Edward Said (1935-2003): The exile-outsider who bridged East and West

A public intellectual who lived and thought in the contradictions of his time, Said challenged us to see the world in new ways.

Published : Oct 24, 2003 00:00 IST

Prominent US-Palestinian intellectual Edward Said addressing students and staff of the American University in Cairo 17 March, 2003.

We all knew Edward Said had been dying for more than ten years, from the time he was diagnosed with chronic leukemia. Some of us also knew that Edward had somehow transformed the banal business of dying into something “other”, “something rich and strange”: the passionate and rigorous ethic or aesthetic if you will, of living, of living in the present with grace, integrity, and as much plenitude as human kind can bear. We even thought he had found a way to postpone mortality indefinitely through sheer commitment and exemplary worldliness. But, even the Saids have to depart, but only after having discovered the difference between the clich that death is inevitable and the profundity that life is precious.

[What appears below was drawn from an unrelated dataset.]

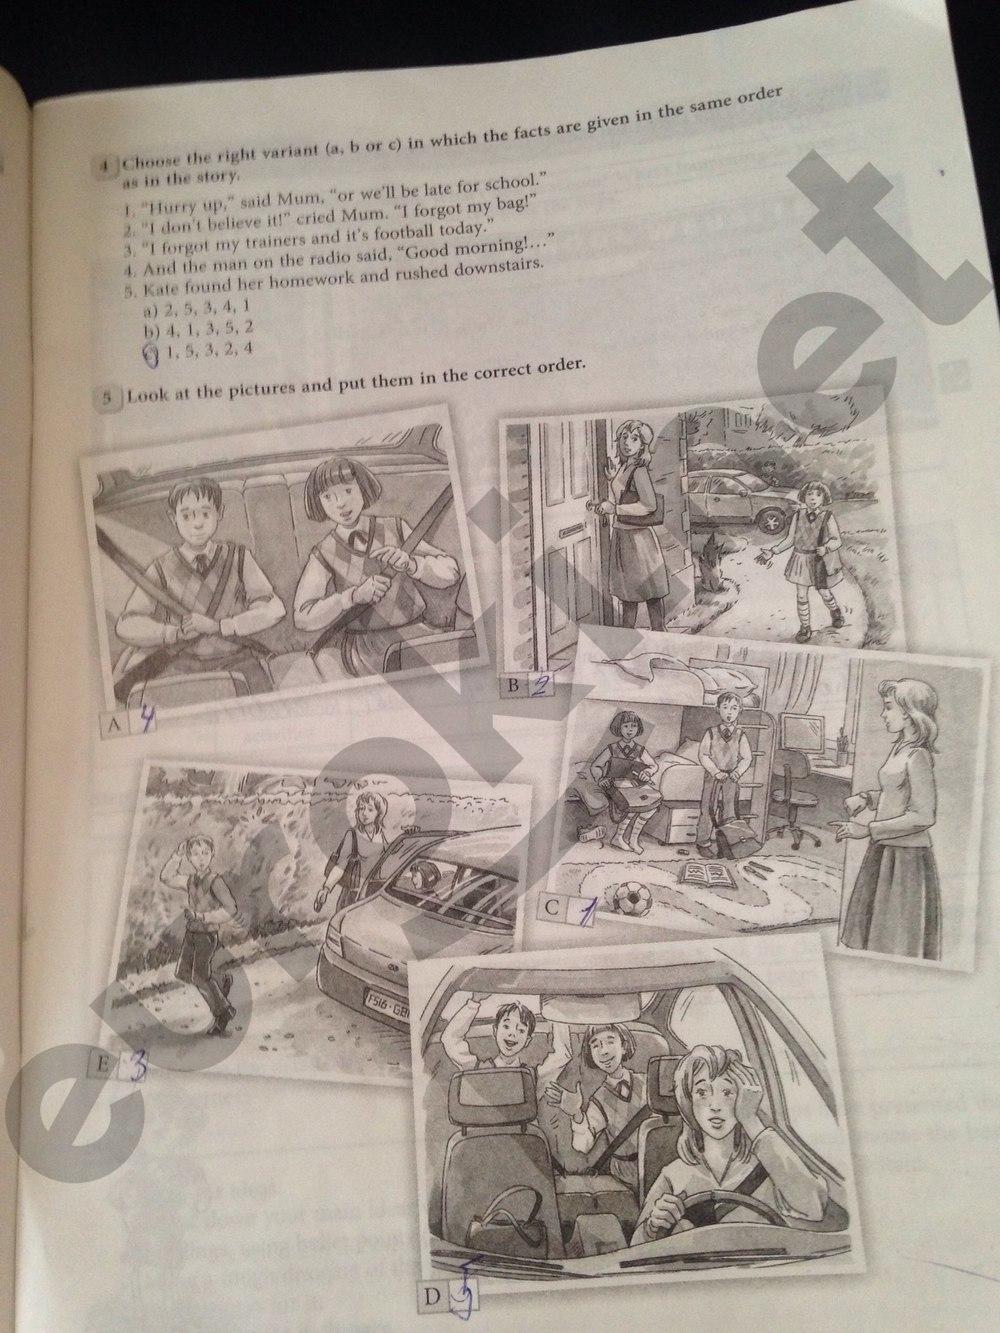 ГДЗ по английскому языку 5 класс рабочая тетрадь Биболетова. Задание: стр. 19

The following scenario had become quite routine during his final years. Someone would ask, “And how is Said these days?’‘ And someone else would respond, “Oh! Edward, he is doing just great. His last lecture at Columbia was quite amazing.” “But I thought he had been in hospital the last few days.” Or, here is a variation. “Oh, my God! I heard Edward had fainted away while attending a concert.” “True, but that was a while ago. Since then, he has been to London delivering lectures and, by the way, haven’t you read his last essay or his latest collection of essays?” We wondered if there were two Saids: one dying and the other just living on irresponsibly in deep disconnect with the other. But now it is all over except the music, as many of my friends who attended the funeral tell me. It was moving and graceful, they say, and it was all music: true, but always a variation. Edward would not have had it any other way.

It was my pleasure and honour to have experienced Edward Said as teacher and mentor, colleague and friend. It was the summer of 1982, and I was close to completing my doctoral work at the State University of New York (SUNY), Binghamton, when we first met at the School of Criticism and Theory at Northwestern University. I was his student that summer. You may all remember the war-torn Beirut of that summer, and Said had friends and relatives living in highly vulnerable areas. He would be flying around, visiting, organising, and giving lectures: but he would always be there at the School in time, giving it his all. Sure he would look worried, angry and frustrated, hassled, disillusioned and tired. But all of this would be transformed to pure intellectual edge when he came to teach his seminar. Words and the world would always meet, provocatively, creatively, often precariously. I remember his telling us that summer, and this was four years after the publication of Orientalism: “Can you believe it, can you believe it? The sheer gall or is it stupidity? The CIA wants to talk to me so that I can tell them about the Arab mentality.” To be misunderstood; that had somehow become his metier; mis-recognition from several perspectives, by different groups.

That was also the summer when Said presented in public, for the first time, his classic lecture, “Secular Criticism”, now a famous and much-debated chapter in his book, The World, the Text, and the Critic. If his brilliant and theoretically complex work Beginnings: Intention and Method had identified him as the gifted torch-bearer of post-structuralism and a creative follower of Michel Foucault, Orientalism had landed him in deep trouble. For in that book, he had “travelled” with Foucault to places perhaps not imagined. Foucault and he had dared to usher in politics into the study of culture and literature. What is more, he had acknowledged the East-West divide as pathology, with himself being one of its brilliant symptoms.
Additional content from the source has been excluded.